He went that way

posted Jan 23, 2017, 5:09 AM by Viktor Zólyomi
An often seen situation in works of fiction is the reliance of a lawbreaker on a friend standing at a junction to send the lawman giving chase in the wrong direction. At such times, the friend says to the lawman, `he went that way,' while pointing in the opposite direction as the one the lawbreaker had taken. Few people know that this often used phrase in fiction actually originates in real life.

In the year 1925 the infamous Red Scoundrel, a masked thief who stalked the streets of Con City for the better part of the 1920s and 1930s, robbed a liquor store while a police officer was on patrol in the neighboring street. As he made his escape, the policeman saw him and gave chase. The Red Scoundrel ran extremely fast and managed to gain a considerable distance on the police officer, who lost sight of him after the thief turned the fourth corner. At the fifth corner, a young man was selling newspapers. The police officer stopped and asked him whether he'd seen the Red Scoundrel.

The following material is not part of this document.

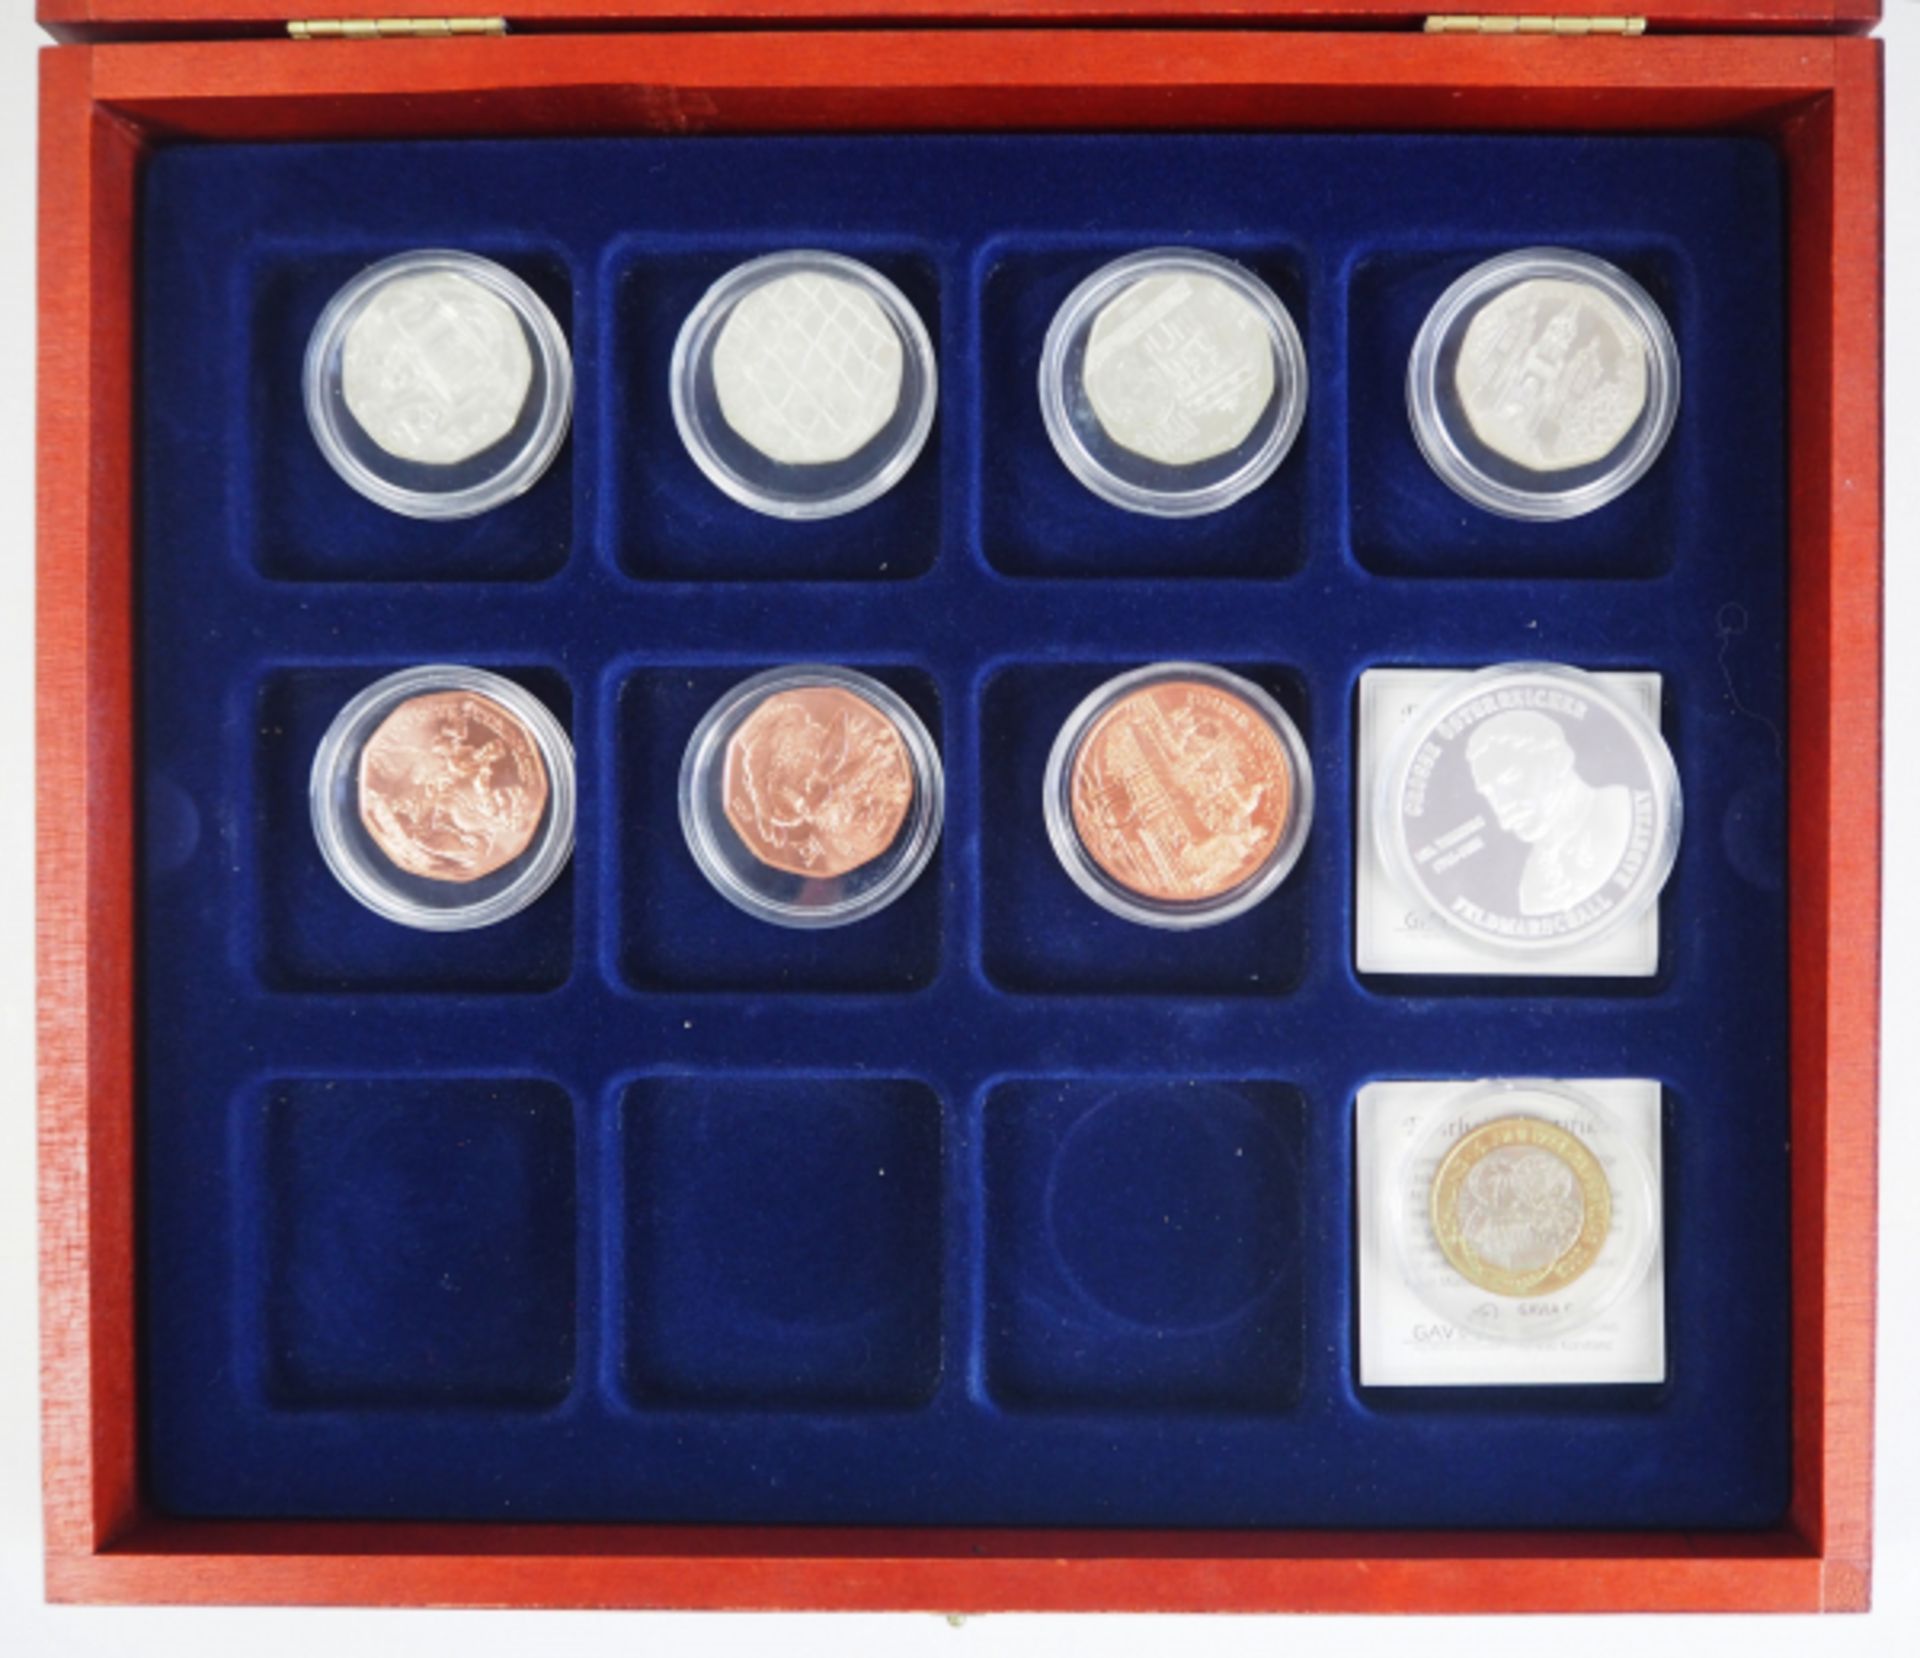 Österreich: Sammlung Silber Euro Münzen. Diverse, u.a. 10 und 5 Euro. Zumeist gekapselt, im - Bild 2 aus 3

`He went that way,' the young man said, pointing to his left. The police officer took one glance at the `no entry' sign on the street in question, then decided that the witness was lying, and proceeded to give a one minute sermon about the rules of one way streets and the consequences of lying to a police officer. Finally, he offered the newspaper boy one chance to amend his testimony, or face jail time.

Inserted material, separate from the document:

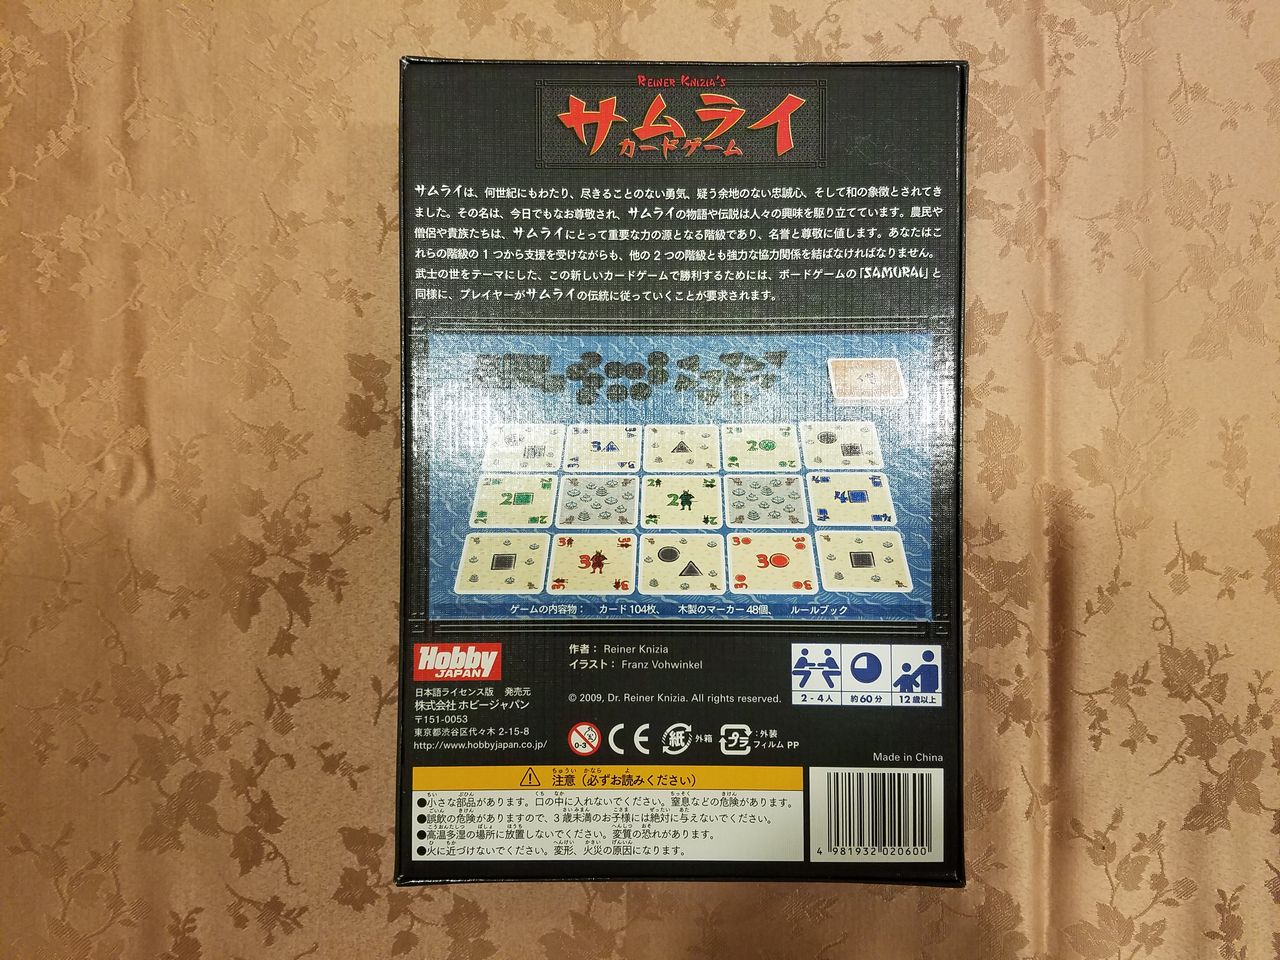 ボードゲーム レビュー 評価 サムライ ザ カードゲーム Samurai The Card Game あそびつながるラボ おすすめのボードゲーム紹介ブログ

The witness timidly pointed to the right and once again said, `he went that way,' to which the police officer nodded and promptly ran down the one way street. The Red Scoundrel, who had of course gone in the opposite direction, avoided capture that day. The newspaper boy later went on to tell his experience to all his friends, and before long all of Con City knew to always point the police in the opposite direction, should the Red Scoundrel run past them. This was just one of the reasons the Red Scoundrel remained at large for many years to come.